# Is this a crack in my 555?



## rollinrob (Dec 8, 2002)

I was cleaning my bike when I noticed what looks like a small crack in the top tube where the lugs join together. Is it just paint cracking or worse... Thanks for any input..


----------



## jeff262 (Dec 19, 2005)

I can't tell from the photos if it extends down past the white painted area. I'm no expert, but recently had the top tube of my 585 crack after crashing. If it extends down into the non painted area I would say it is almost surely a crack. If it doesn't extend I would say it is probably just the paint. 

In any case I would await better informed opinions than mine before making a decision.

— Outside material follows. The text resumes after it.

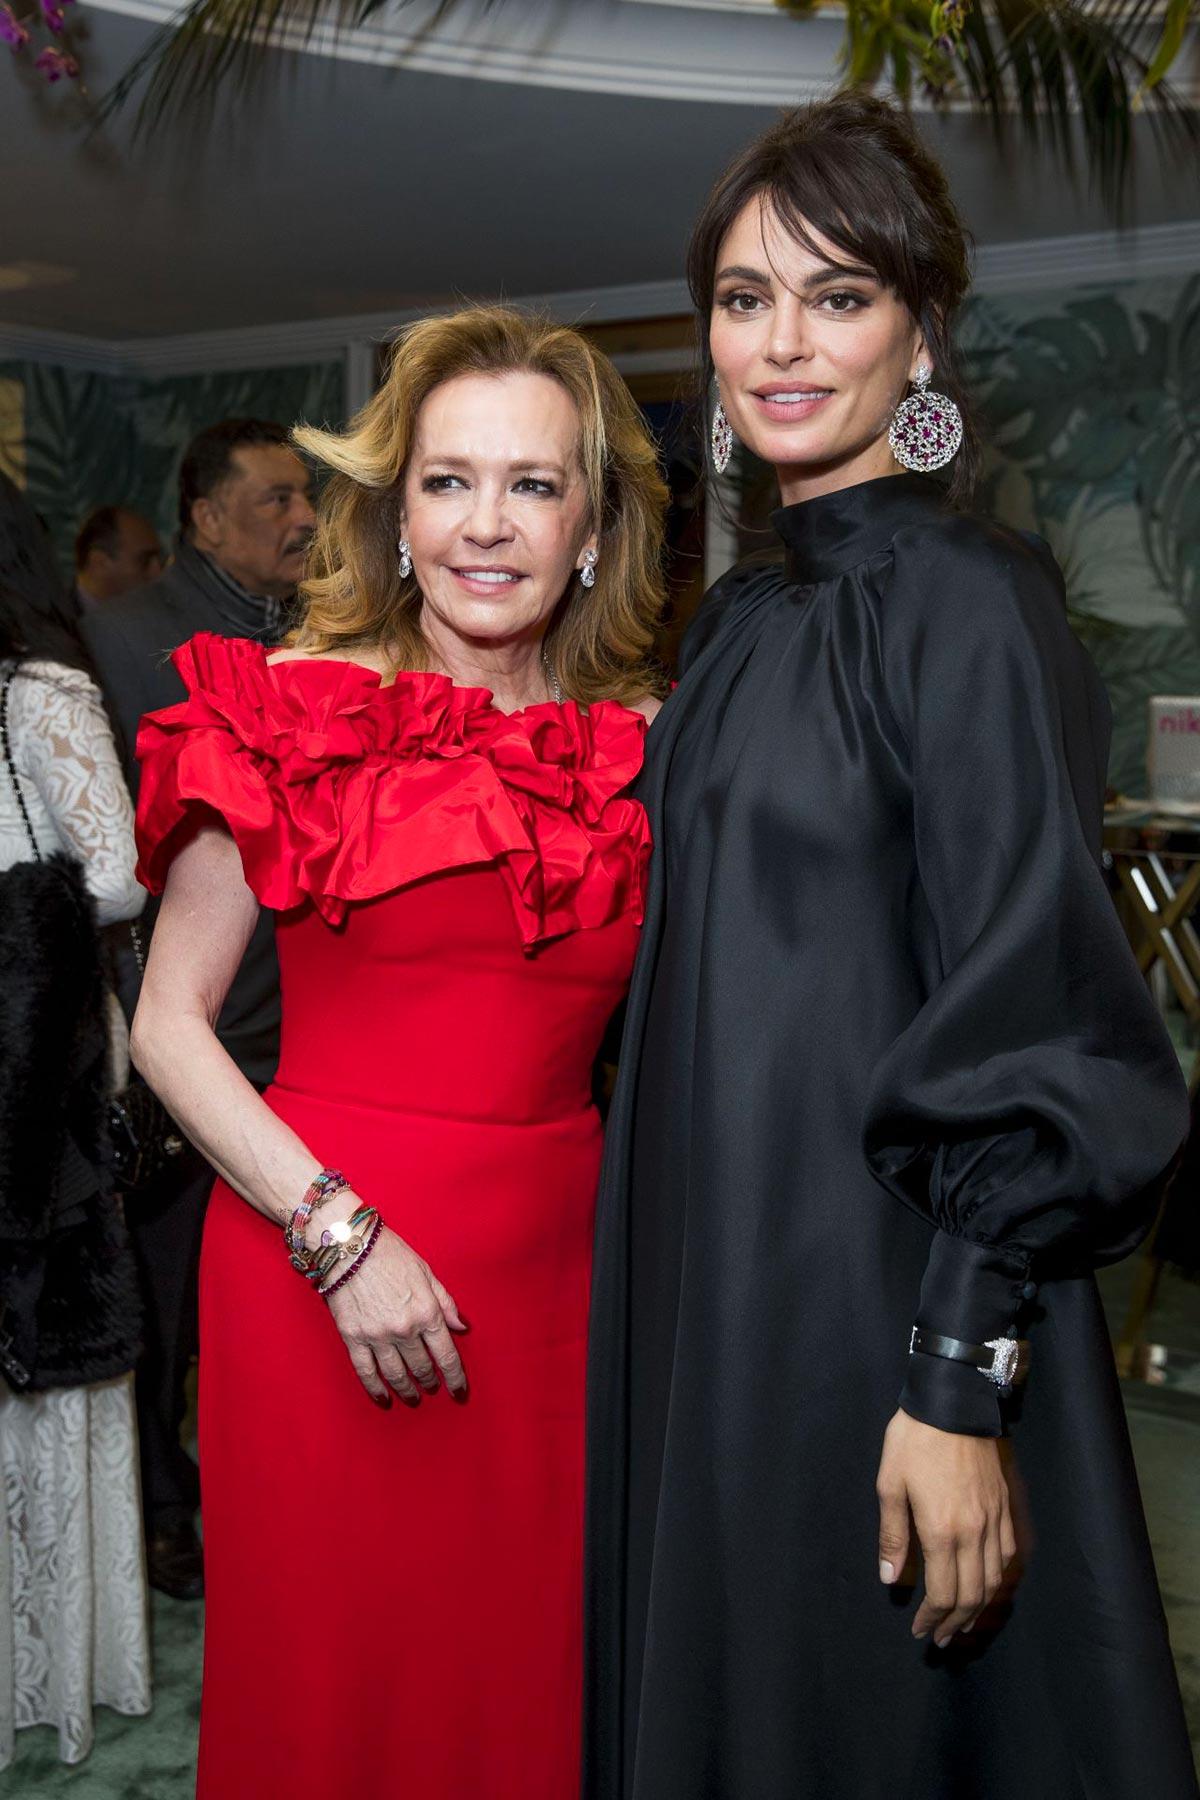 Cannes 2018 - Trophee Chopard - Caroline Scheufele and Catrinel Marlon - Hair and makeup Massimo Serini
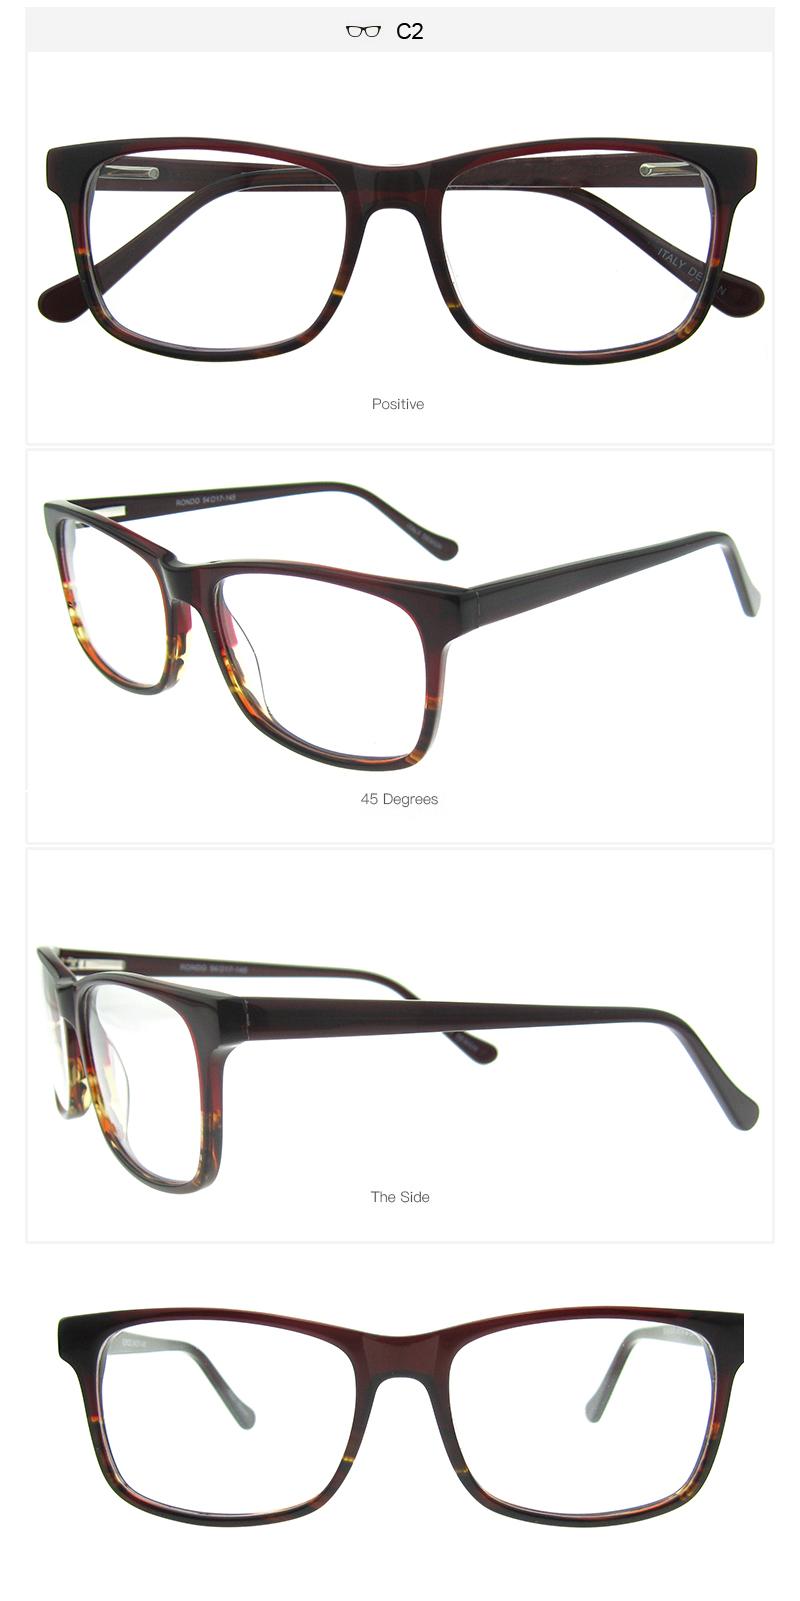 OCCI CHIARI Glasses Men and Women Prescription Nerd Lens Medical ...

Its a bumer to find this kind of stuff. Mine was made easier to take because I was just glad to have survived the crash.


----------



## hairscrambled (Nov 18, 2004)

It appears to be a finish crack not the carbon. Is that where the lug ends?


----------



## chas (Aug 10, 2006)

Hi Rollinrob,

That looks to me like it's just a paint crack. The location of the crack is right where the top tube meets the headlug, and because the two pieces tend to flex differently sometimes small cracks like that will develop. For some reason it seems to only happen on those white and grey 555's. 

Look frames carry a one year paint and finish warranty so I'd recommend taking it to your local Look dealer and have them give us a call. If you do not have a dealer nearby, it's no problem to give us a call directly.

In the meantime, I would not worry about riding this weekend; structurally your bike is just fine.

_*[email protected]*_
(866) 430-5665


----------



## wuggabugga (Oct 3, 2005)

Hi,

I have the exact same paint crack on my Blue and White 57cm. Is there any option to obtain touch-up paint for this issue? I was thinking a using a soft white marking pencil to fill in the crack as welll. I'm quite a distance from the closest dealer living in Pittsburgh, the closest dealers appear to be over 250 miles away in Philladelphia.


----------